While bipartisan in intent, the bill’s provocative name targeting Nancy Pelosi and sponsorship by a polarizing figure like Josh Hawley could deepen partisan divides, complicating passage. Lawmakers might approach legislation with less personal financial bias, particularly in areas like tax policy, healthcare, or defense contracting, where stock ownership often overlaps with committee roles.
Some lawmakers may push back, citing free market rights or proposing exemptions (e.g., blind trusts, which critics argue are imperfect). Enforcement mechanisms, like GAO audits, will be critical to prevent workarounds. Success could spur similar restrictions for other officials (e.g., Federal Reserve members or executive branch employees), reshaping ethical standards across government.

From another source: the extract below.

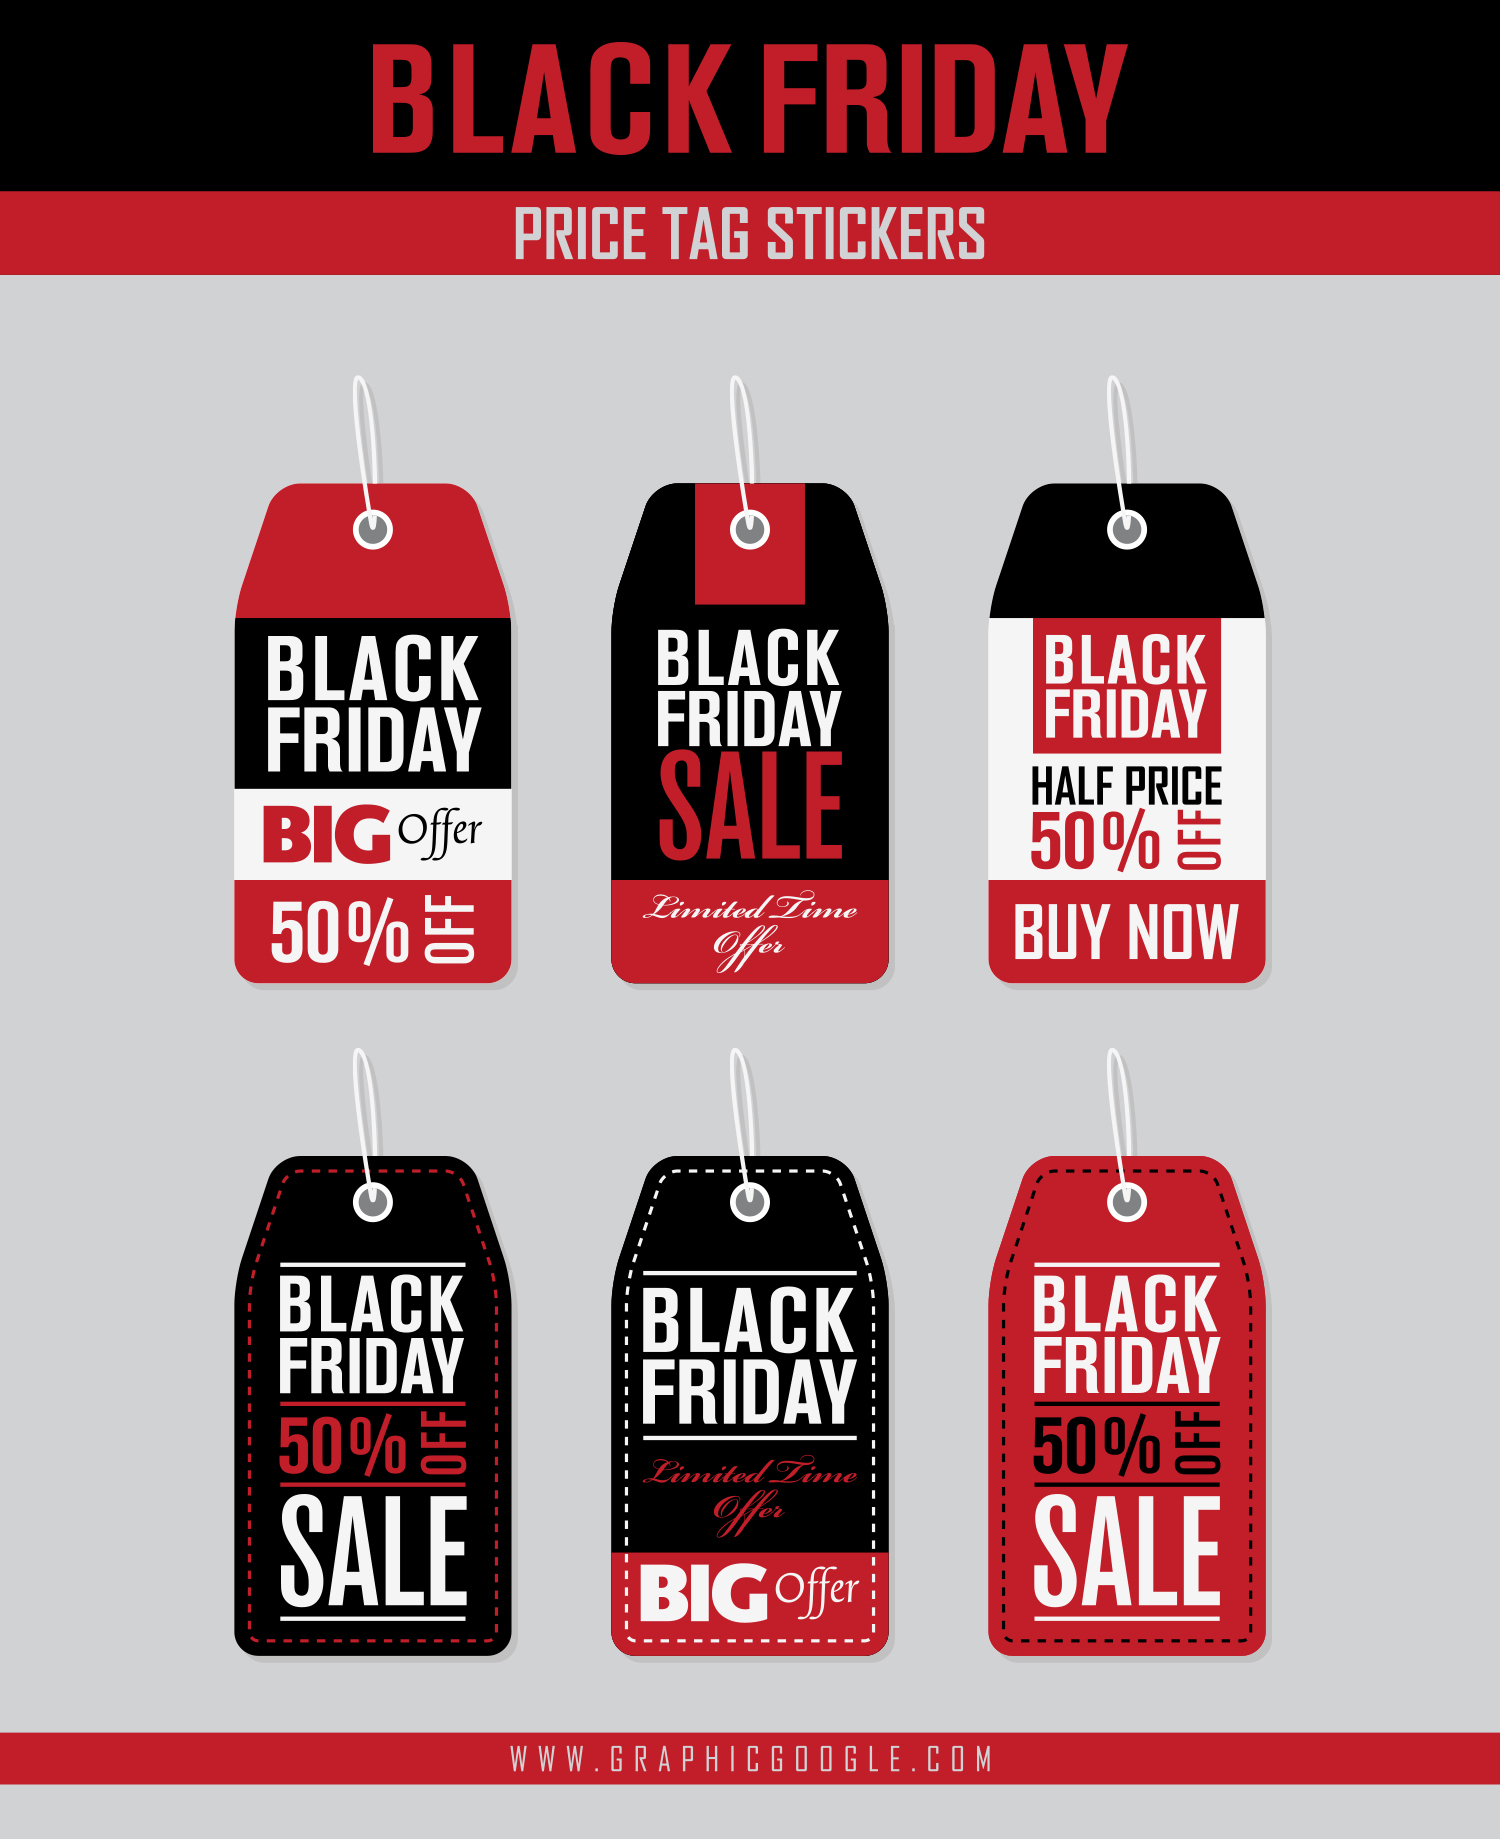 Free Black Friday Price Tag Stickers Vectors For Graphic Designers

Without robust oversight, lawmakers could exploit loopholes, such as transferring assets to family members or using proxies. The GAO’s role will be pivotal but resource-intensive. Bipartisan support exists in principle, but competing proposals (e.g., ETHICS Act) and resistance from trading-active lawmakers could stall progress, as seen in prior Congresses.
Forced divestitures could flood markets with certain stocks, temporarily depressing prices, or push lawmakers toward less transparent investments like private equity. The PELOSI Act could enhance public trust and reduce conflicts of interest, aligning lawmakers’ incentives with public service.
However, its success hinges on overcoming political resistance, ensuring rigorous enforcement, and addressing unintended market impacts. If passed, it would mark a significant step toward ethical governance, though its long-term effects on congressional behavior and market dynamics remain uncertain.